[Start of Attachment]

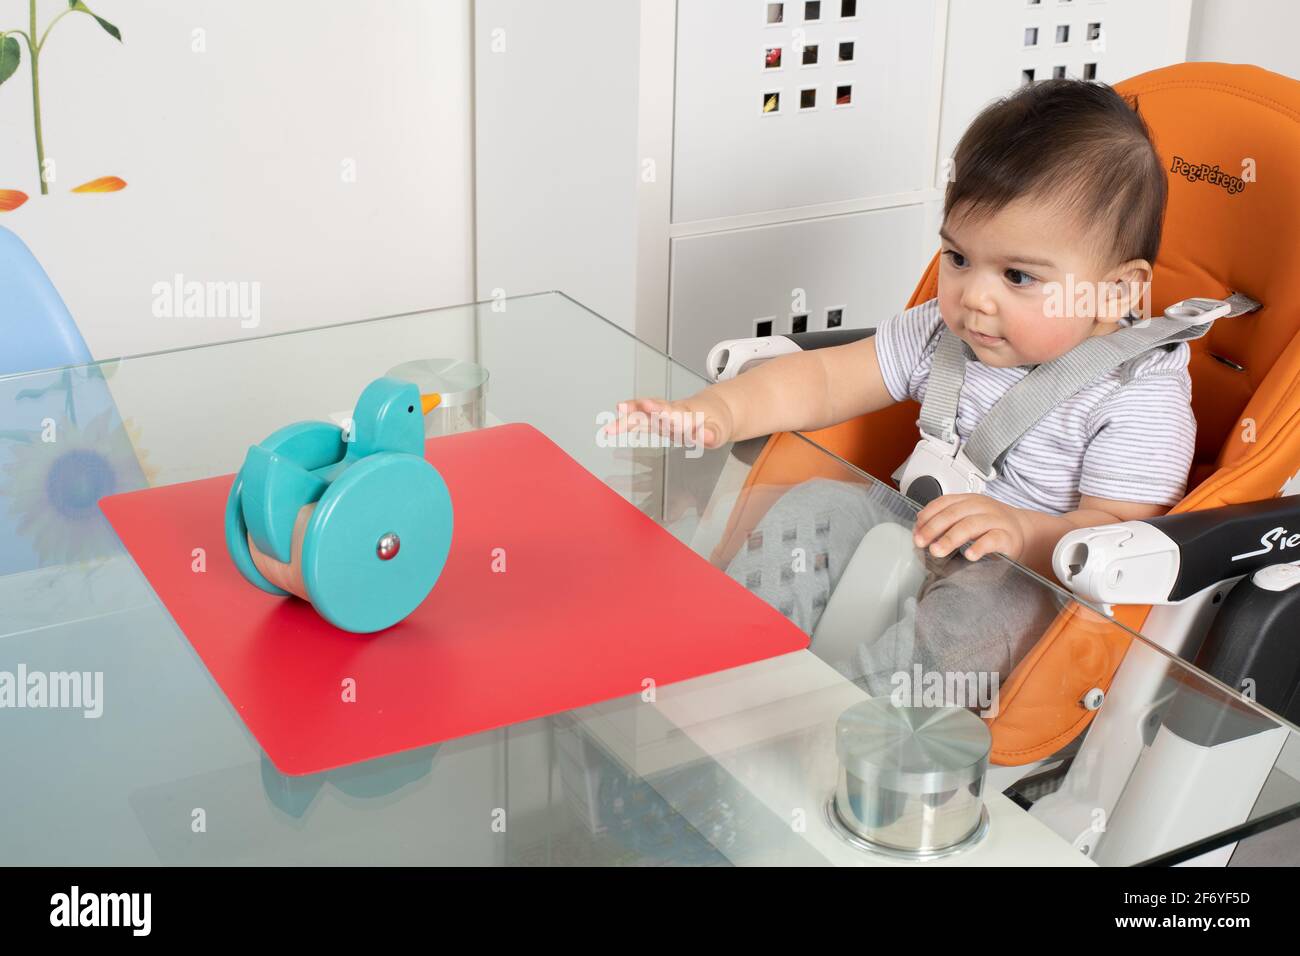 8 month old baby boy sitting in high chair at table Piaget Object Permanence sequence #1 viewing toy on table Stock Photo
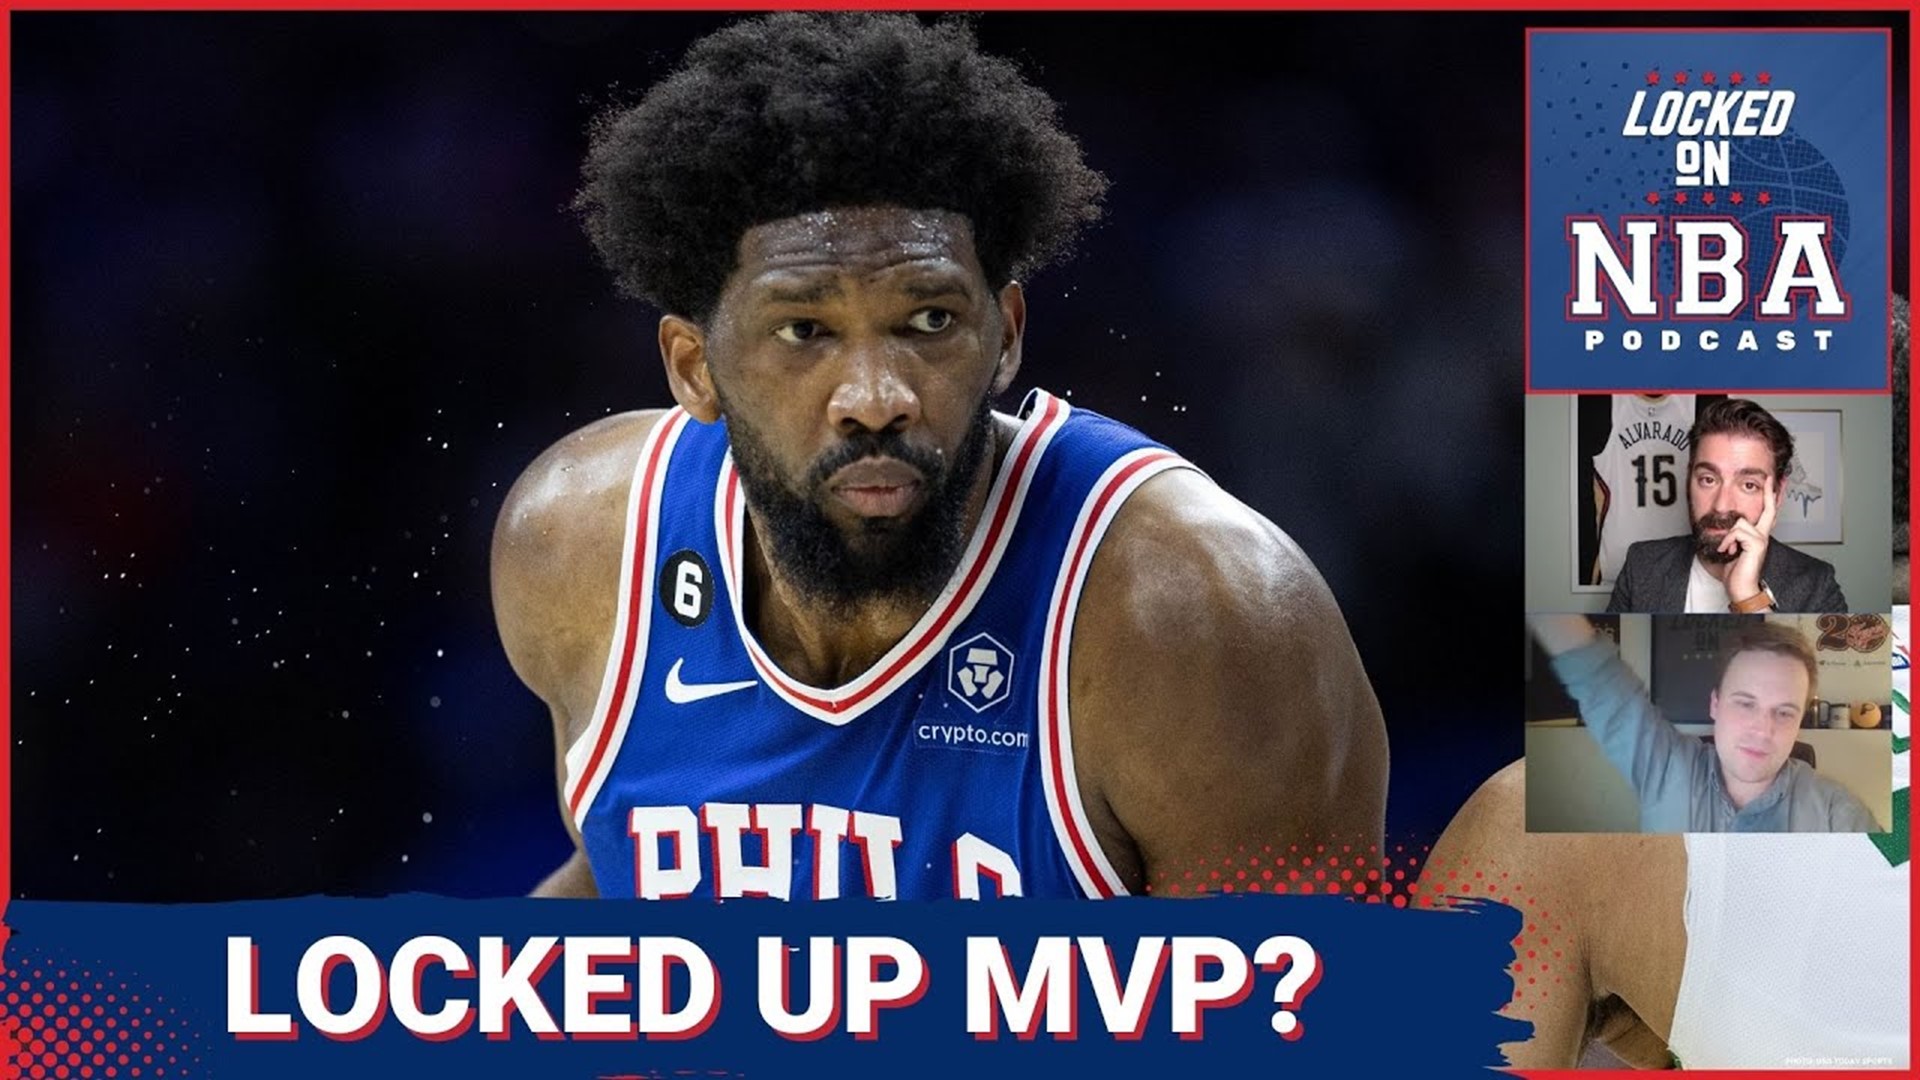 Did Joel Embiid lock up the NBA MVP award after scoring 52 points?
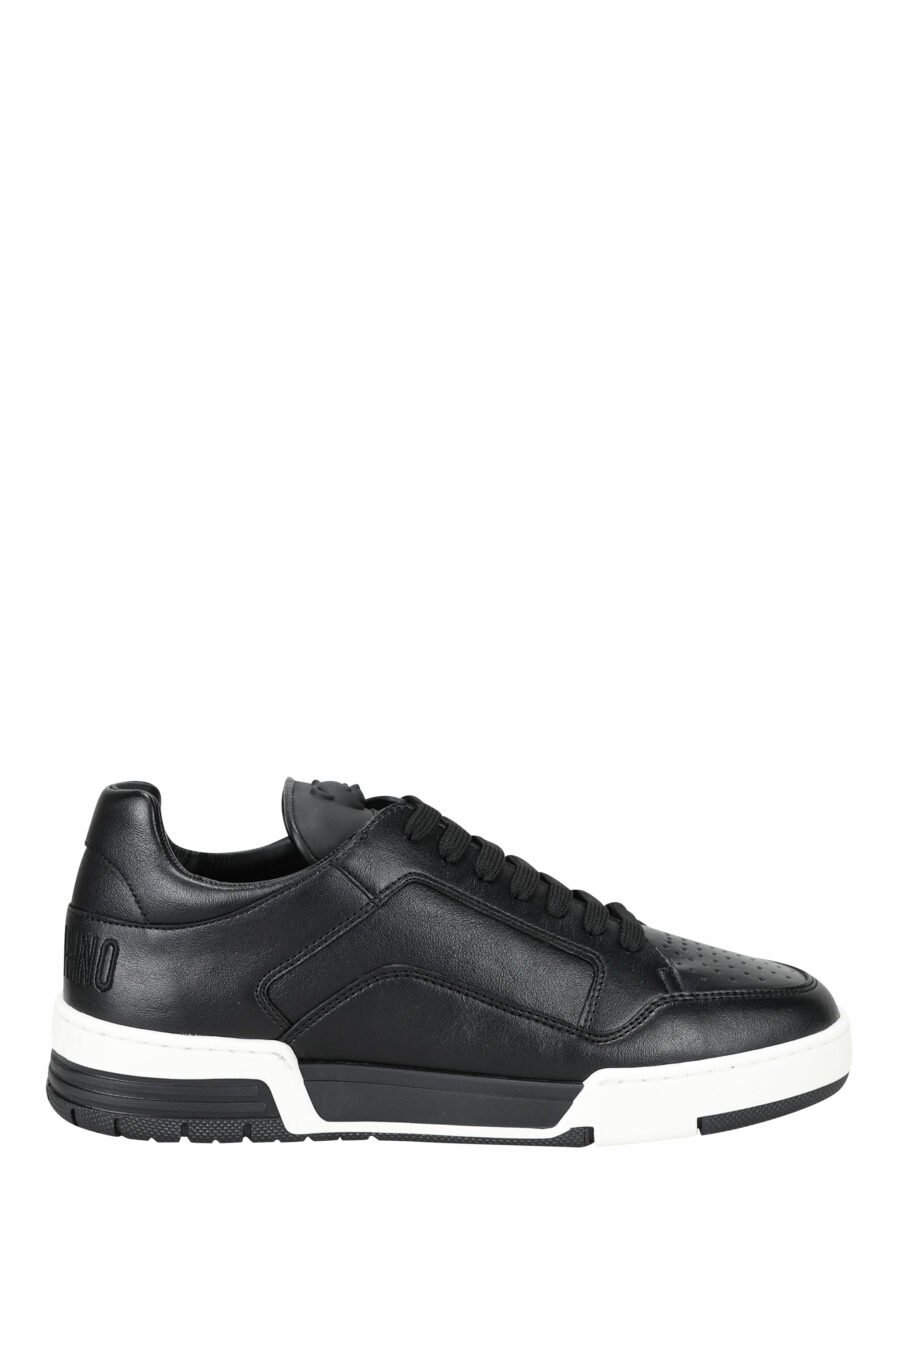 Black leather trainers with white sole and logo - 8054653096394
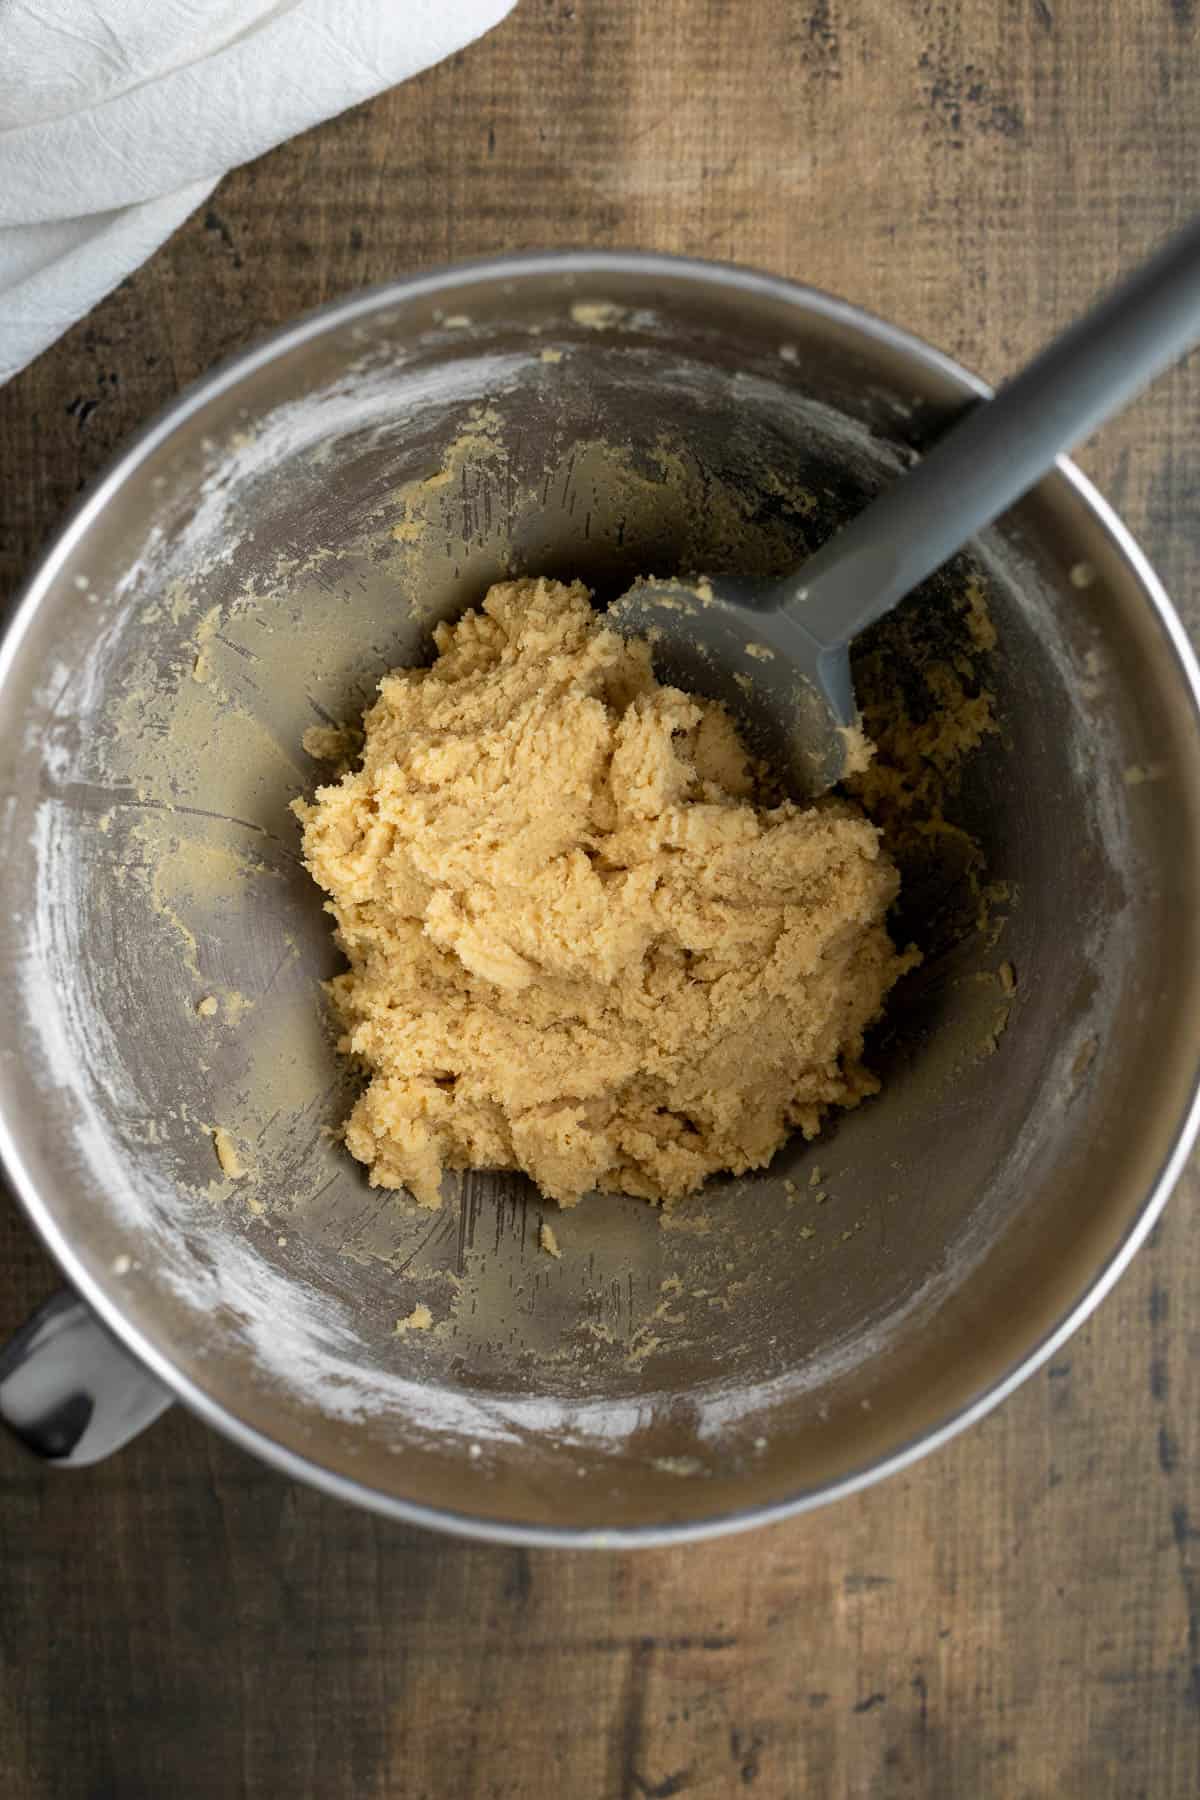 The cookie dough in a bowl before dying.
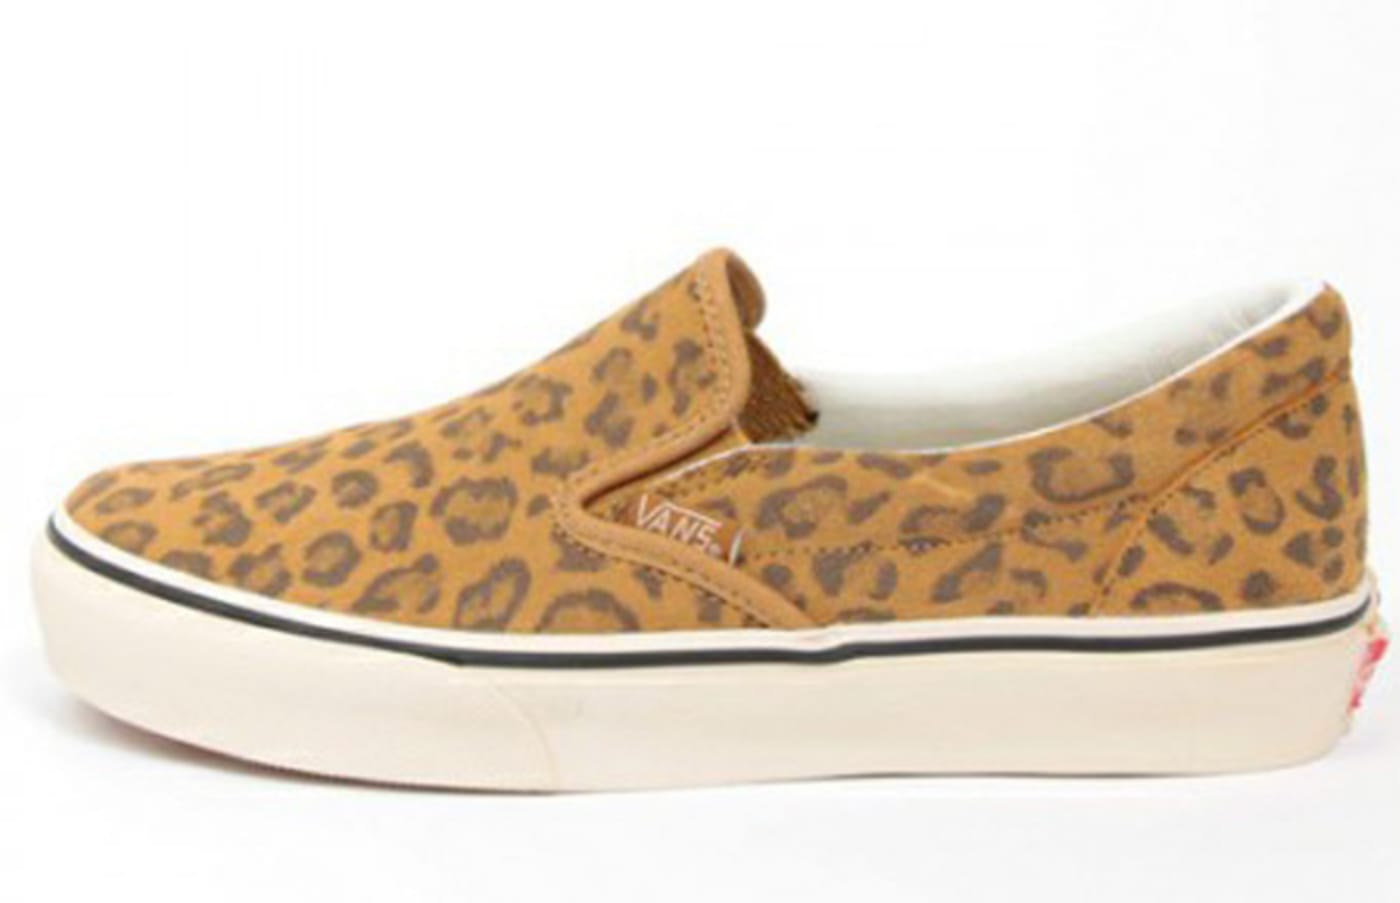 Beauty & Youth x Vans Leopard Slip-On | Complex

[End of Attachment]

• Task brief
Keep the pictures out of your copy, and repeat every entry above exactly.

• Answer to the problem
 8 month old baby boy sitting in high chair at table Piaget Object Permanence sequence #1 viewing toy on table Stock Photo
 Did Joel Embiid lock up the NBA MVP award after scoring 52 points?
 Black leather trainers with white sole and logo - 8054653096394
 The cookie dough in a bowl before dying.
 Beauty & Youth x Vans Leopard Slip-On | Complex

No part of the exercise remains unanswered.